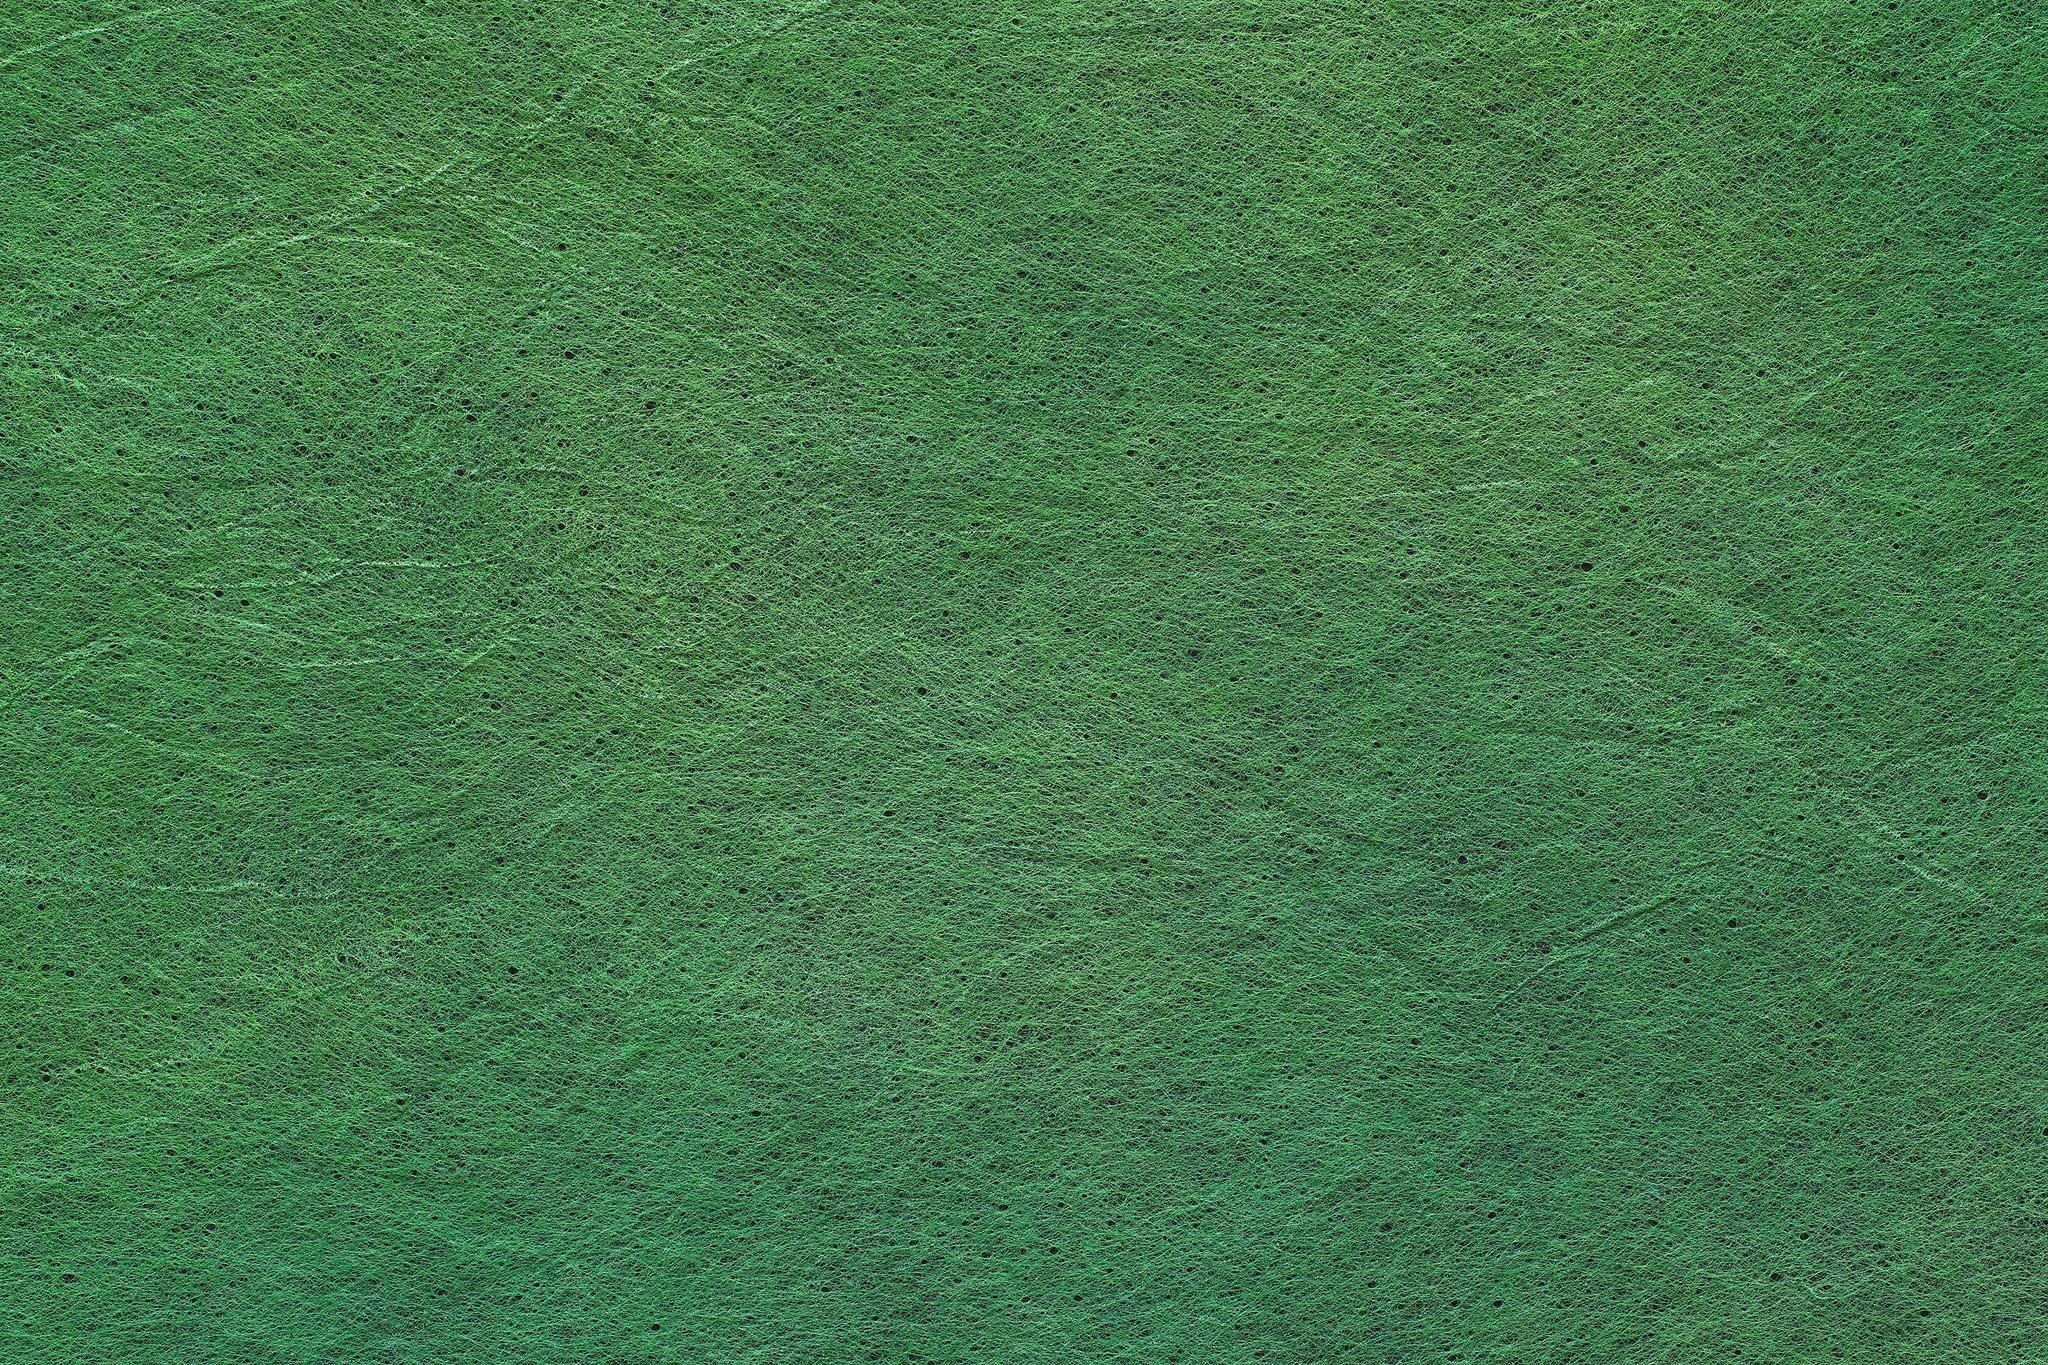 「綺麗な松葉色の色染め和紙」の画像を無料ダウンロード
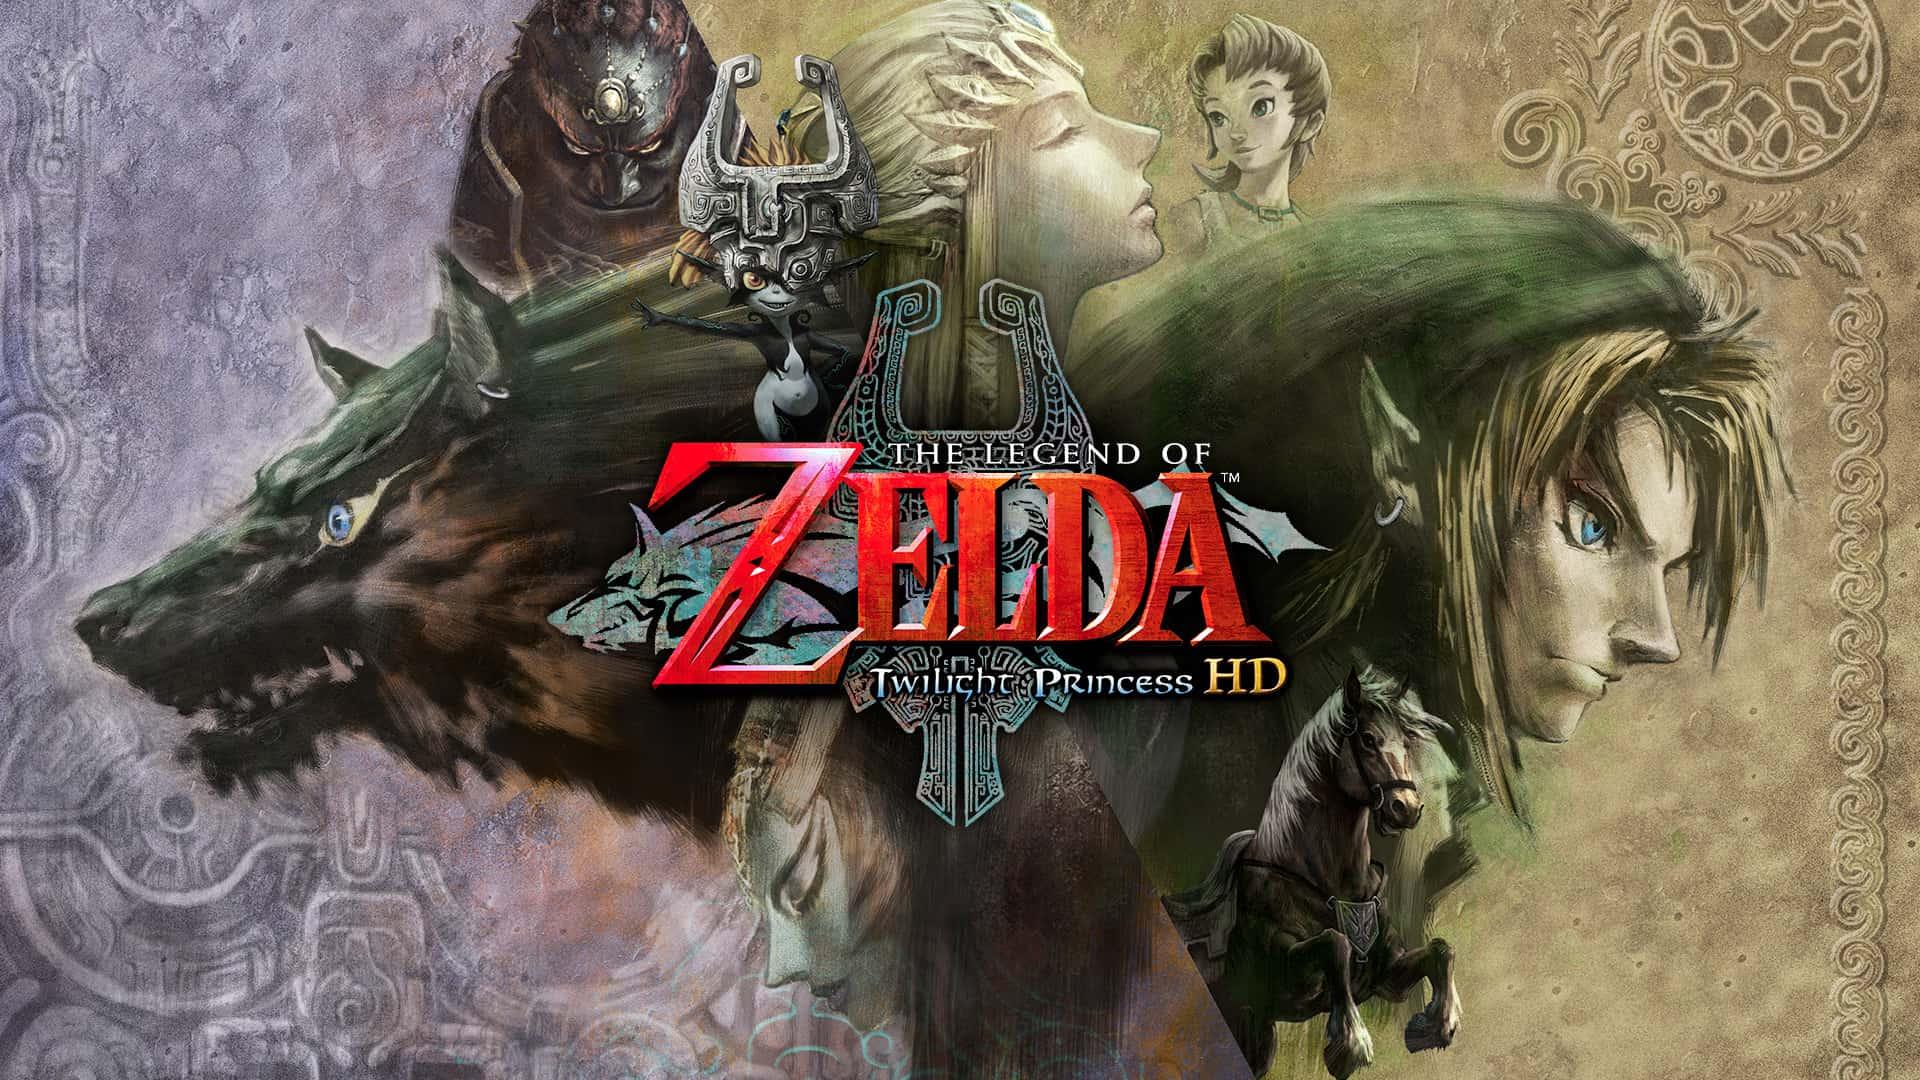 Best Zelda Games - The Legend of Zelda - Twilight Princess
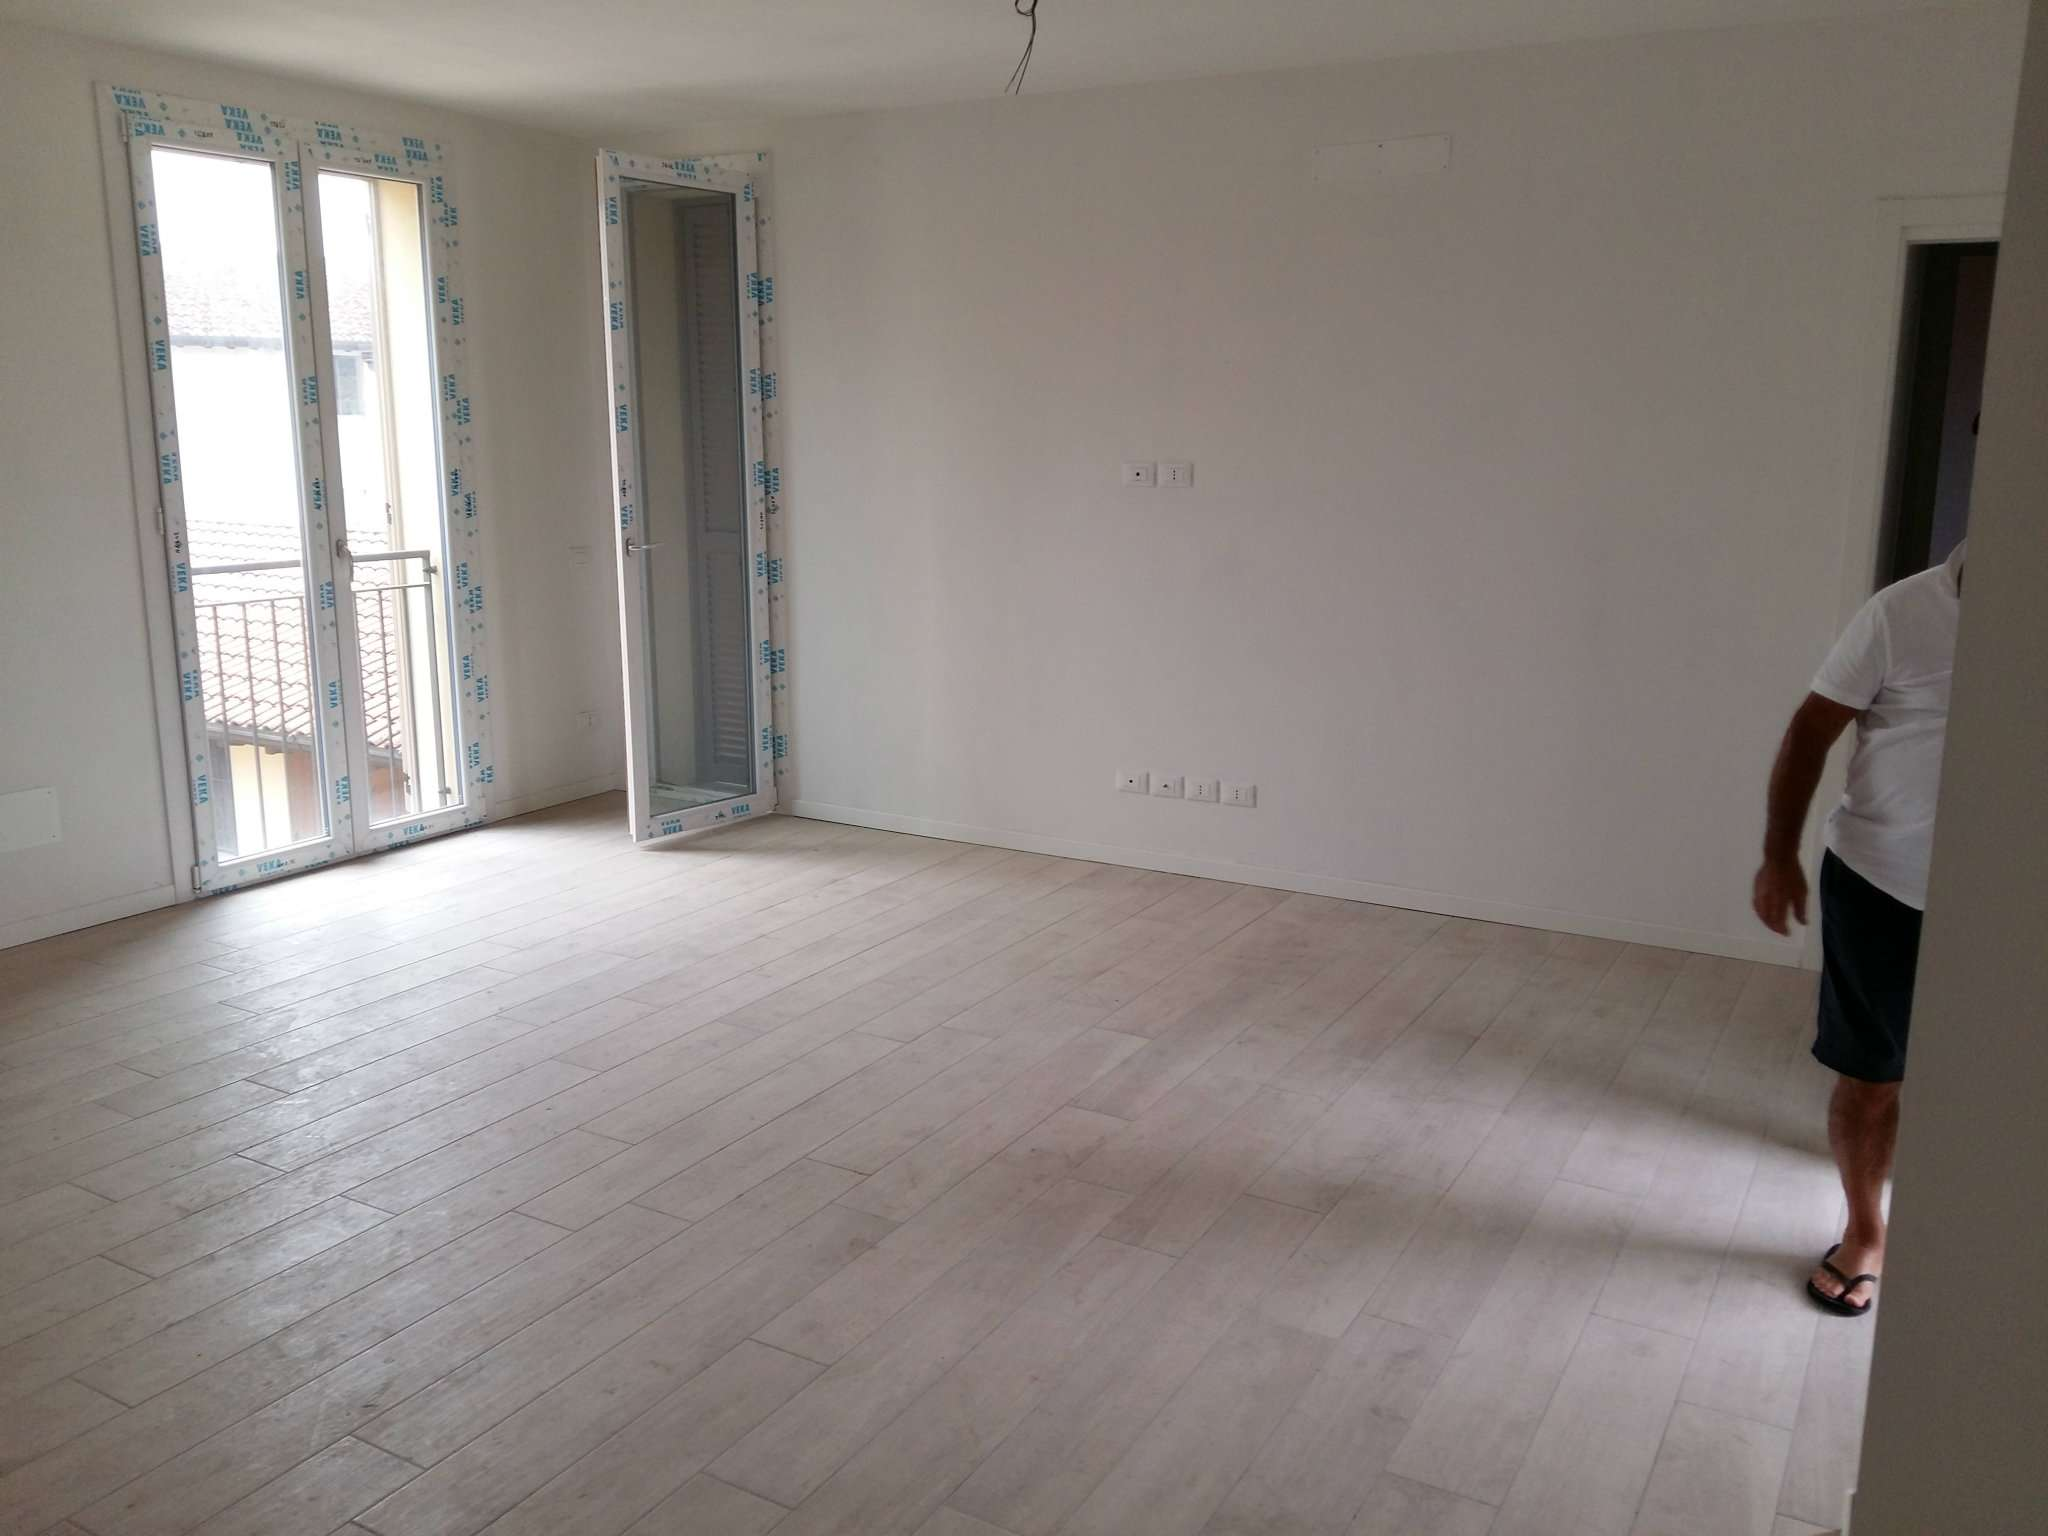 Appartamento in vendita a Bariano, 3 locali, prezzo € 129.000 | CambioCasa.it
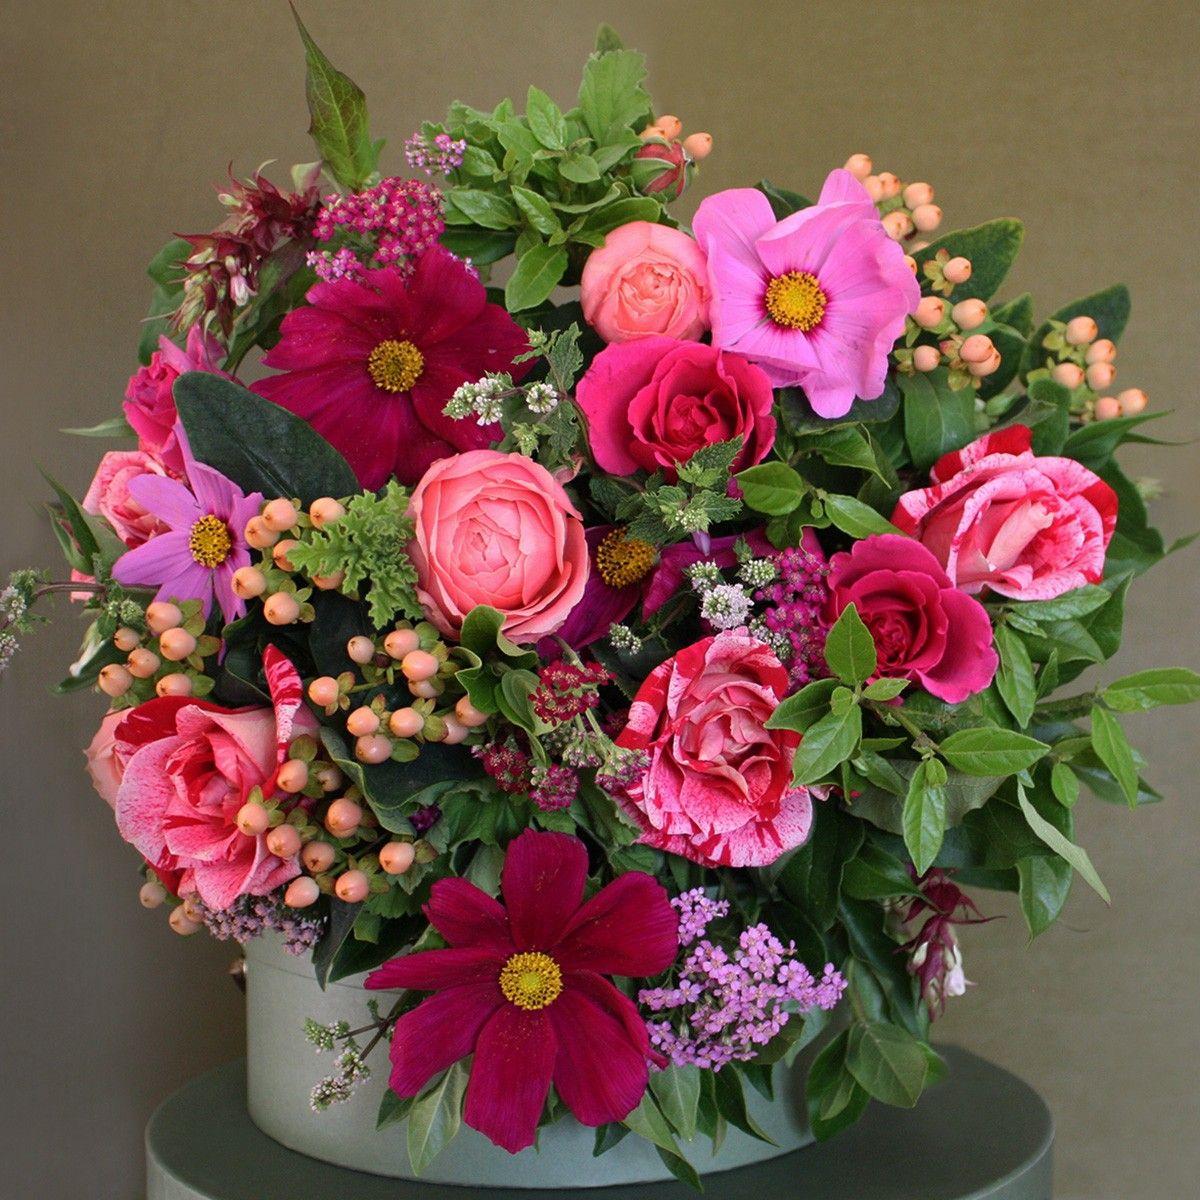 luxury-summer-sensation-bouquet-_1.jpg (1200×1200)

________

> [PROBLEM DESCRIPTION]: Please set down the data above exactly as given, leaving every picture out.

> [ANSWER]:
 「綺麗な松葉色の色染め和紙」の画像を無料ダウンロード
 Best Zelda Games - The Legend of Zelda - Twilight Princess
 Appartamento in vendita a Bariano, 3 locali, prezzo € 129.000 | CambioCasa.it
 luxury-summer-sensation-bouquet-_1.jpg (1200×1200)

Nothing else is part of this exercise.